Hacker News new | past | comments | ask | show | jobs | submit login

The grandiose production readiness review, didn't hear that term for a while. In 5 years as a Google SWE, having transitioned three systems to SRE, nobody could ever tell me what it really is. In each hand over, someone just came up with a random checklist. I am really curious: is there really a disciplined/formalized/.. PRR process in some parts of Google? Has anyone ever seen it?

I've seen several formalized PRR (in a meeting about improving cross-team PRRs for pipeline systems) forms. If you were getting a "random" checklist, the SREs were doing more total work- the work of writing a checklist tailored for your service. Lots of questions don't apply to lots of services, so the standardized forms tend to help whoever is giving them out at the expense of whomever is reading them.

Very common questions get at basic things- what are the pain points you've encountered running the system? What monitoring systems are you using? What are known failure modes where monitoring is silent? Have any agreements on availability or latency/performance been reached with users? What is the process to qualify, push, and rollback changes? What's the impact to the user / to the company if everything goes and stays down? What are your runtime dependencies and how do you behave if they fail? Provide a review of recent monitoring alerts[1]?

Most of the value in most PRR checklists really just get at the above- sometimes the answer really is "we don't know" or it is incomplete (especially re: runtime dependencies) so follow up questions can make discovery easier.

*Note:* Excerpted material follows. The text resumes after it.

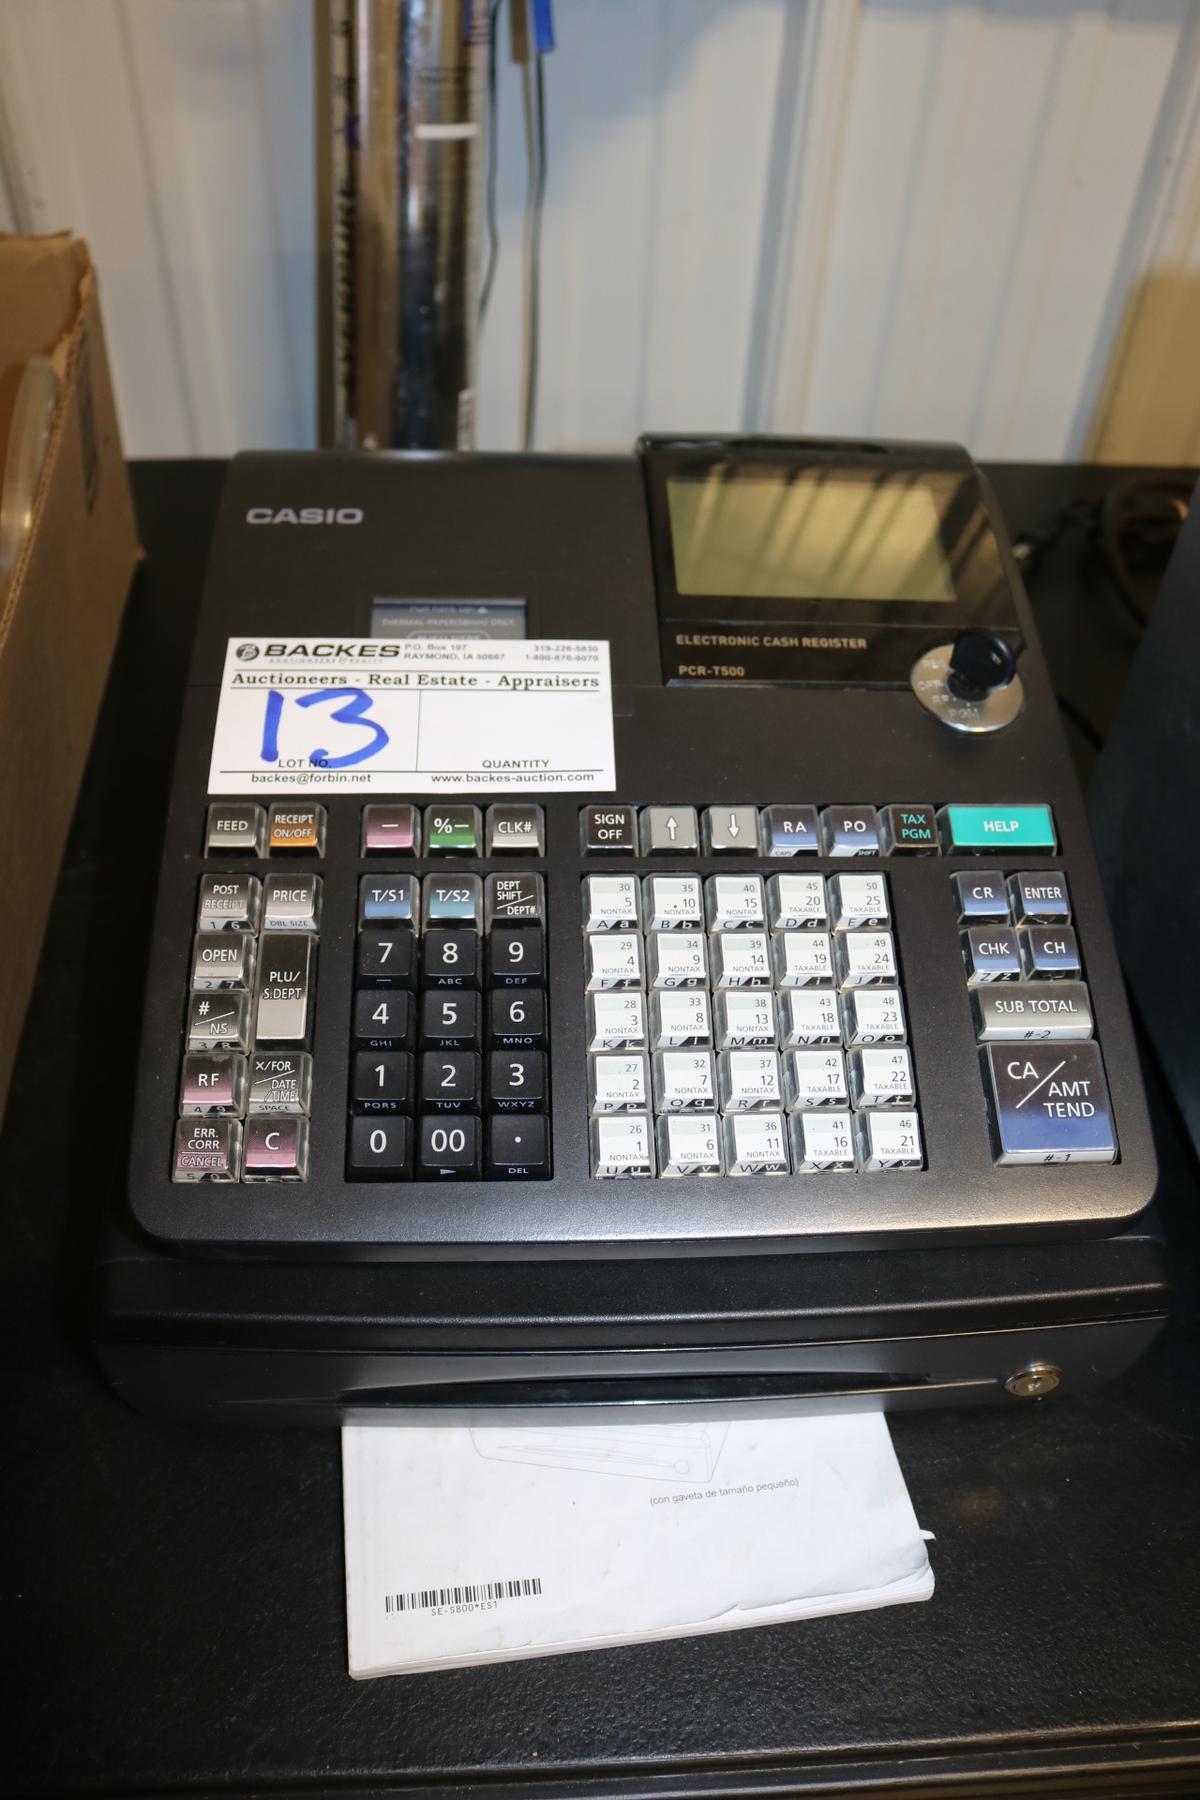 Royal PCR-T500 cash register
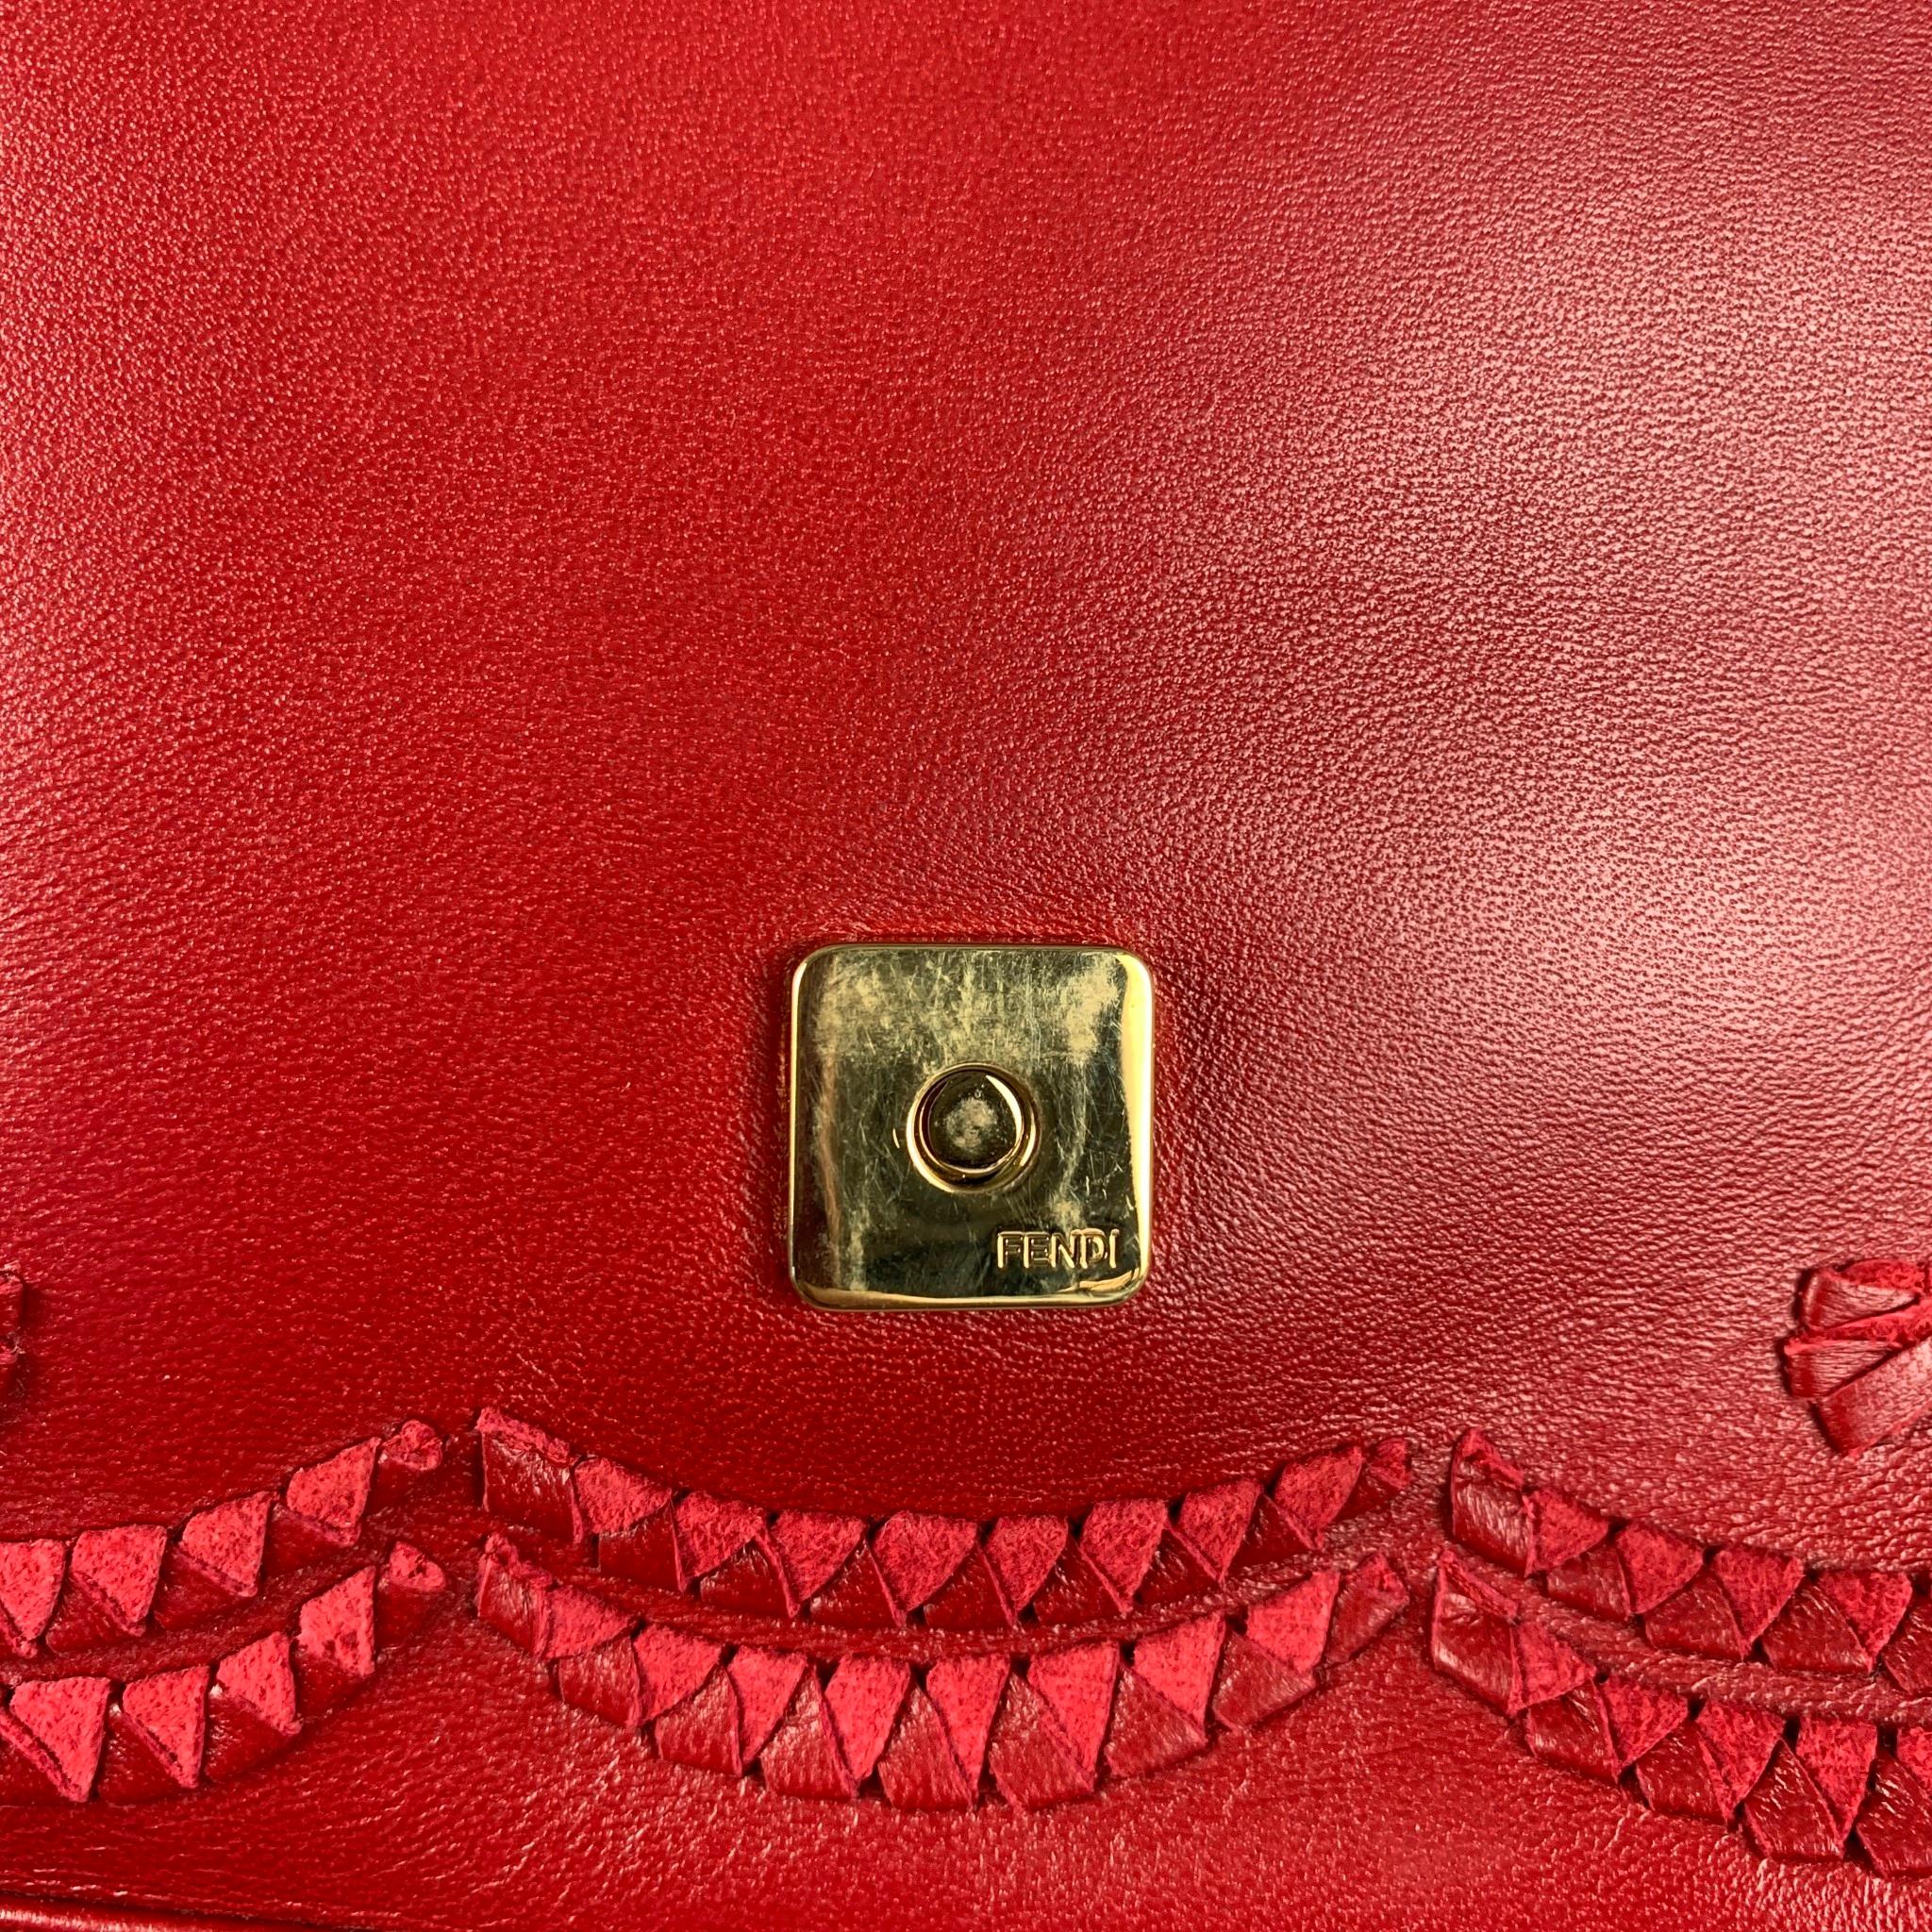 FENDI Red Floral Leather Baguette Shoulder Handbag 2

[1] often the SREs can figure this out and will look them up without even asking a question. Lots of formalized processes ask people to list what's needed to do this anyway (e.g. list alert queues, mailing lists that receive alerts, etc.).

It's up to the SREs taking over the service. A storage SRE PRR is different from an Ads SRE PRR.

You basically do the shit SREs tell you to do if you want support. I took a service through a PRR, and while it wasn't 100% formal, my SRE peers were able to request improvements to monitoring, fault tolerance and release process, so it worked well in the end. Other than the launch checklist (is it still called Ariane?), Google has few truly formal processes in general. People converge on what works for them.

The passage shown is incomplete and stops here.